There was a time, back in the early 2000s, when Nguyễn Chí Thanh won the Ministry of Transport’s “Best Street” competition more than once. Now, though, all you’ll see are near-dying trees.
It was built in the mid-1990s and was bare for quite some time. Acacia trees were initially planted, a low-cost, low-maintenance leafy tree that provided shade during Hà Nội’s blistering summer, where temperatures can nudge 40 degrees Celsius.
Though not a precious hardwood, of which Việt Nam’s forests boast many, the acacias grew healthily and provided what was wanted: greenery, shade, and osmosis.
Photos of the green boulevard won many contests, and even though the trees are on the way out it still remains a beautiful thoroughfare in the memories of many.
A popular Vietnamese saying has it: “giàu đổi bạn, sang đổi vợ”, or one changes friends when rich, and one changes wives after moving up the social ladder. So, the wealthier Hà Nội of 2015, under the then mayor Nguyễn Thế Thảo, decided that the acacias needed to be replaced by expensive hardwoods.

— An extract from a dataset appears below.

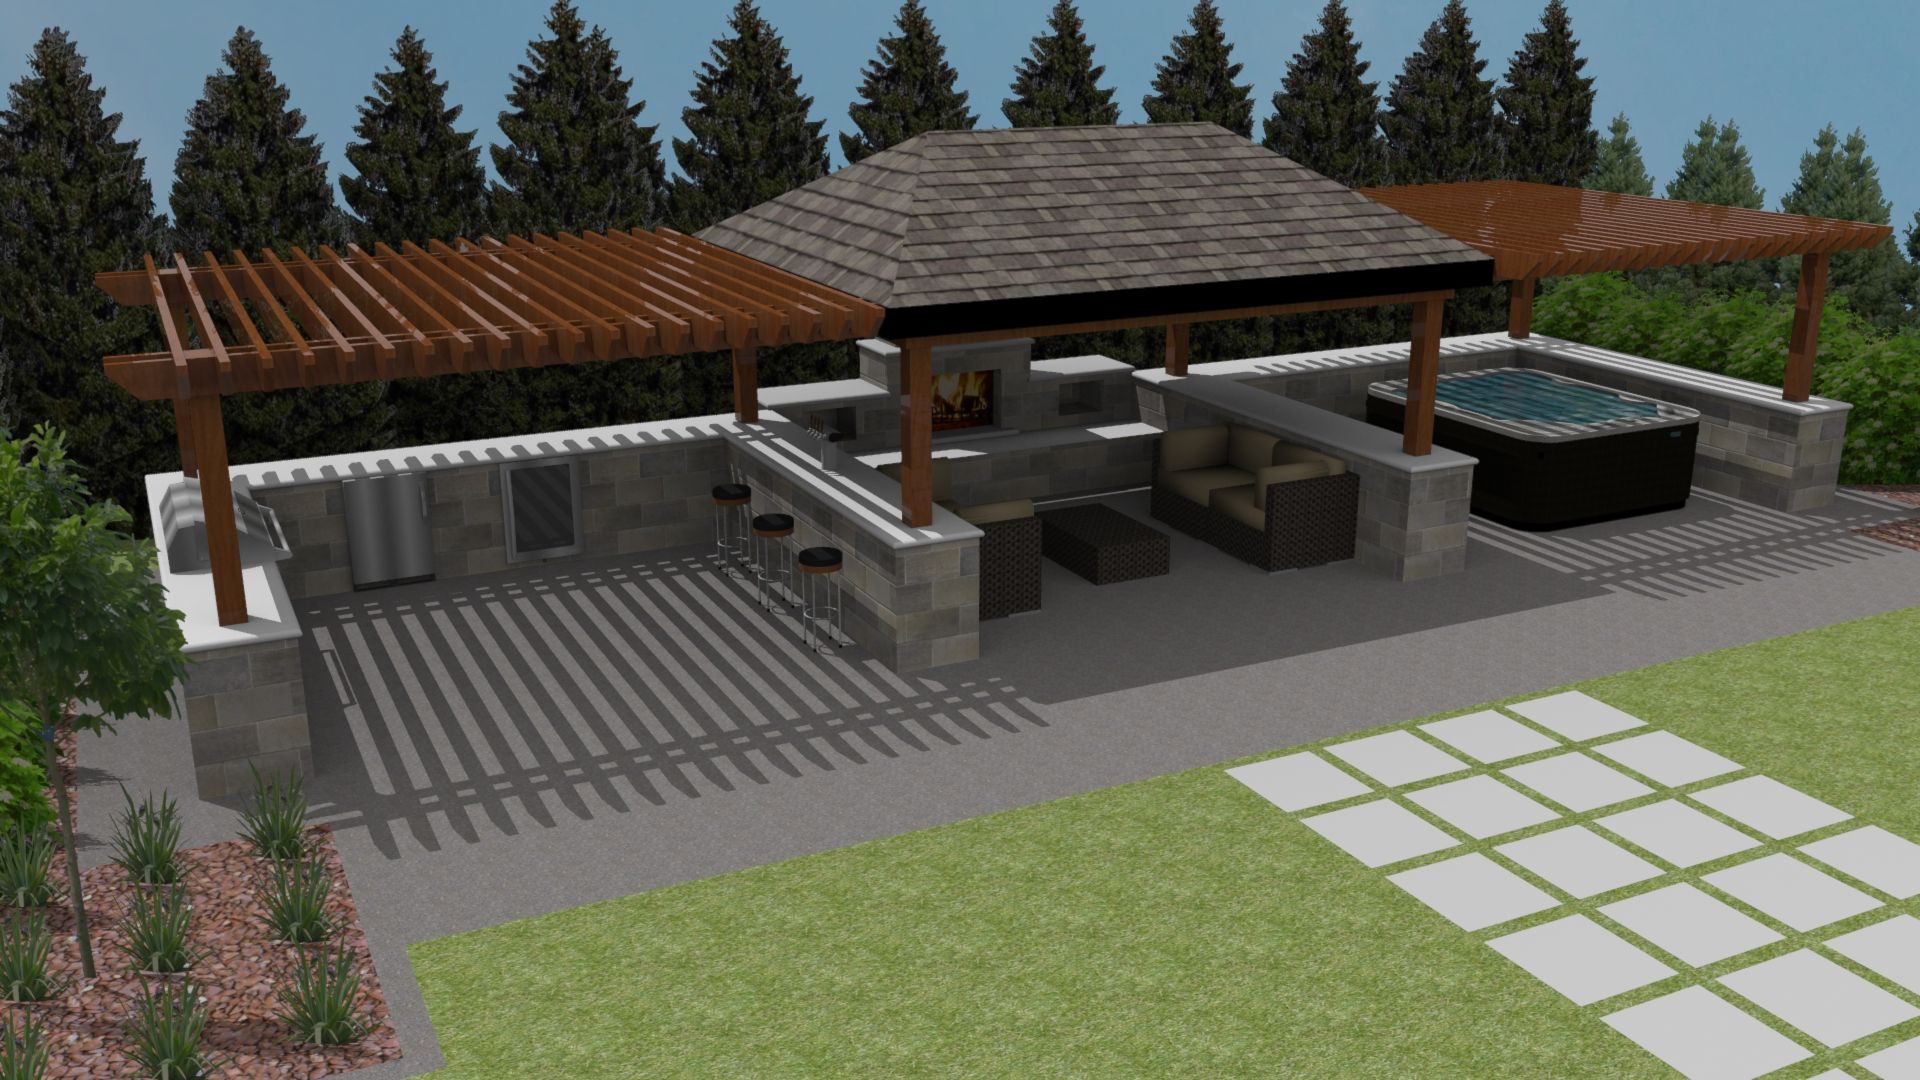 1 Acre Backyard Design Outdoor Furniture Design And Ideas Backyard Entertaining Area Backyard Entertaining Backyard Design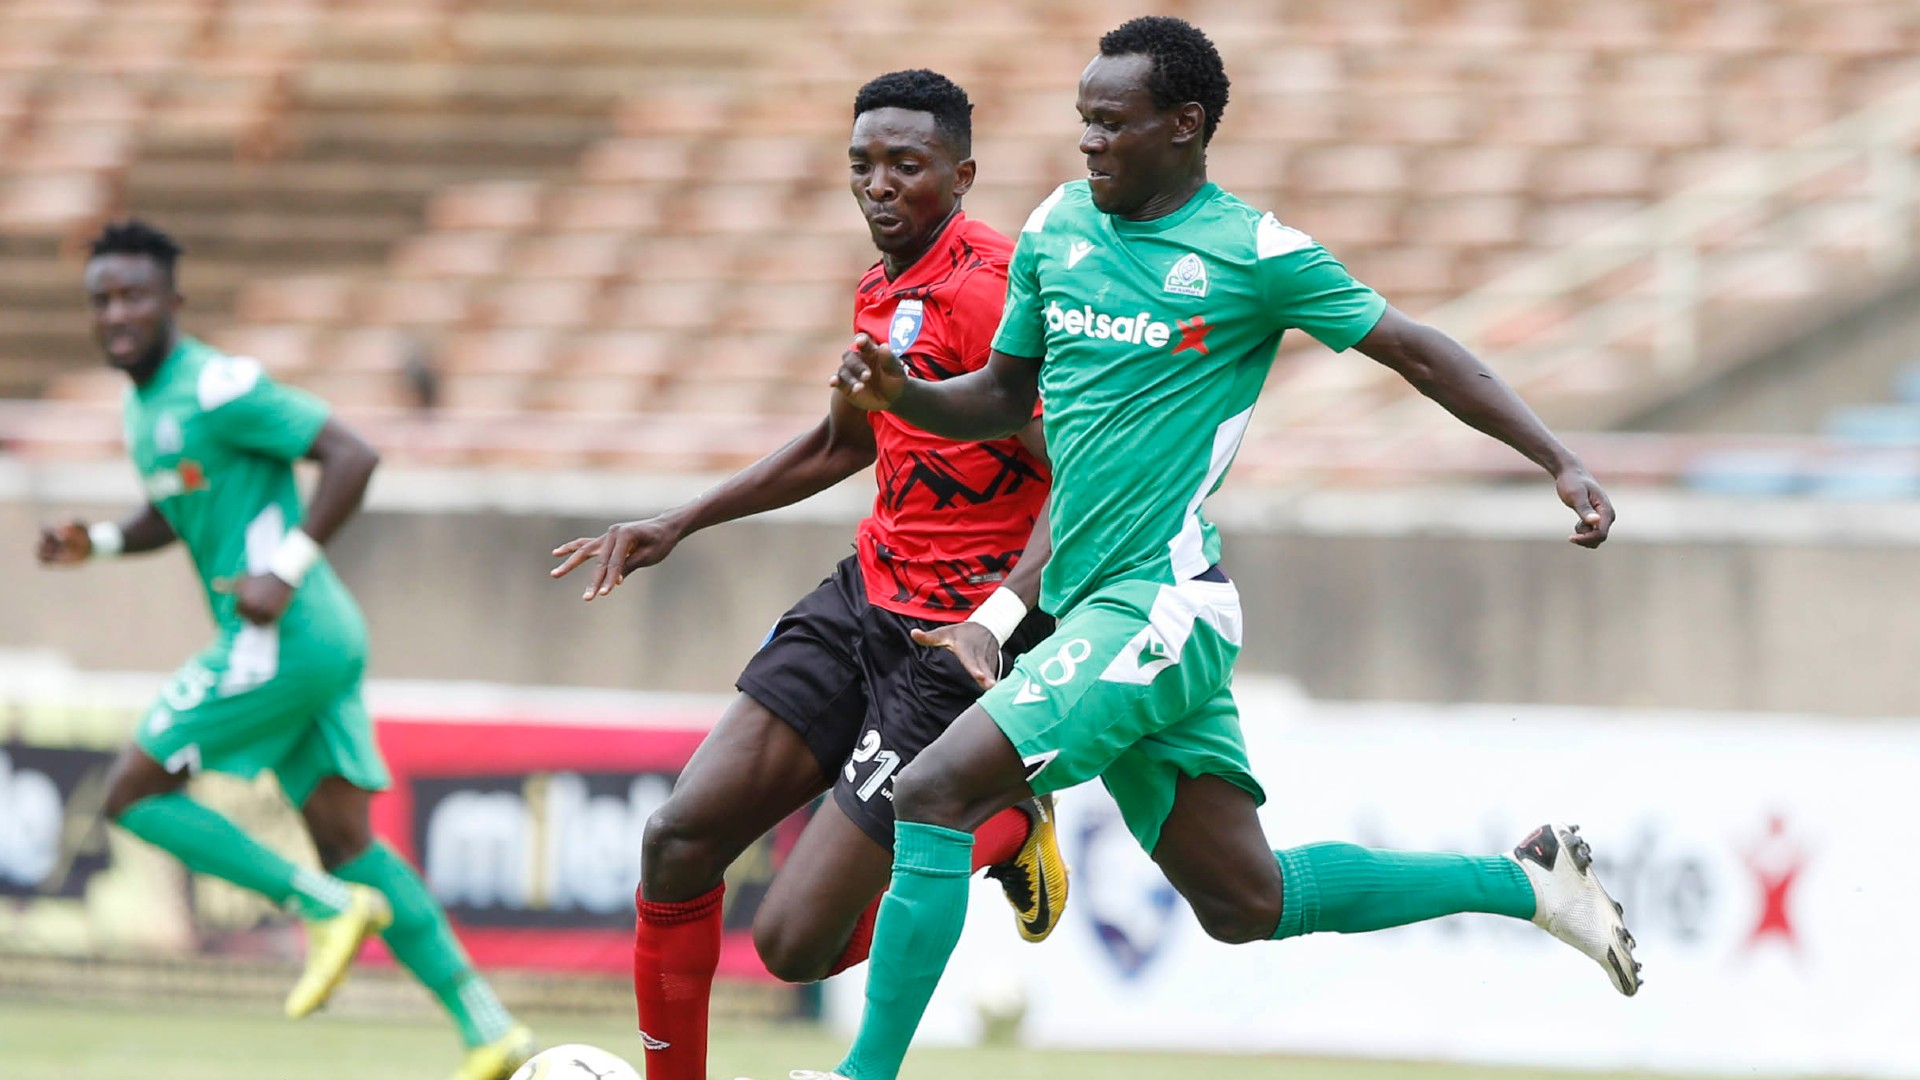 Mashemeji Derby: Sserunkuma brace and memorable moments in AFC Leopards, Gor Mahia meetings

Within a couple of months, around this time of year, when everyone was checking the gas in their air-conditioners, picking up new fans or fridges, trying out new clothes for the season, and buying new furniture to ready themselves for the onset of the summer heat, all the so-called “cheap” acacias were cut down, turning the “Best Street” into an environmental mess.
Nearly six years later, the hardwoods are yet to provide the promised green foliage, much to the dismay of a lot of Hanoians.
The next mayor Nguyễn Đức Chung introduced an ambitious plan to plant a million trees in the capital, which was applauded by many but met with suspicion by even more.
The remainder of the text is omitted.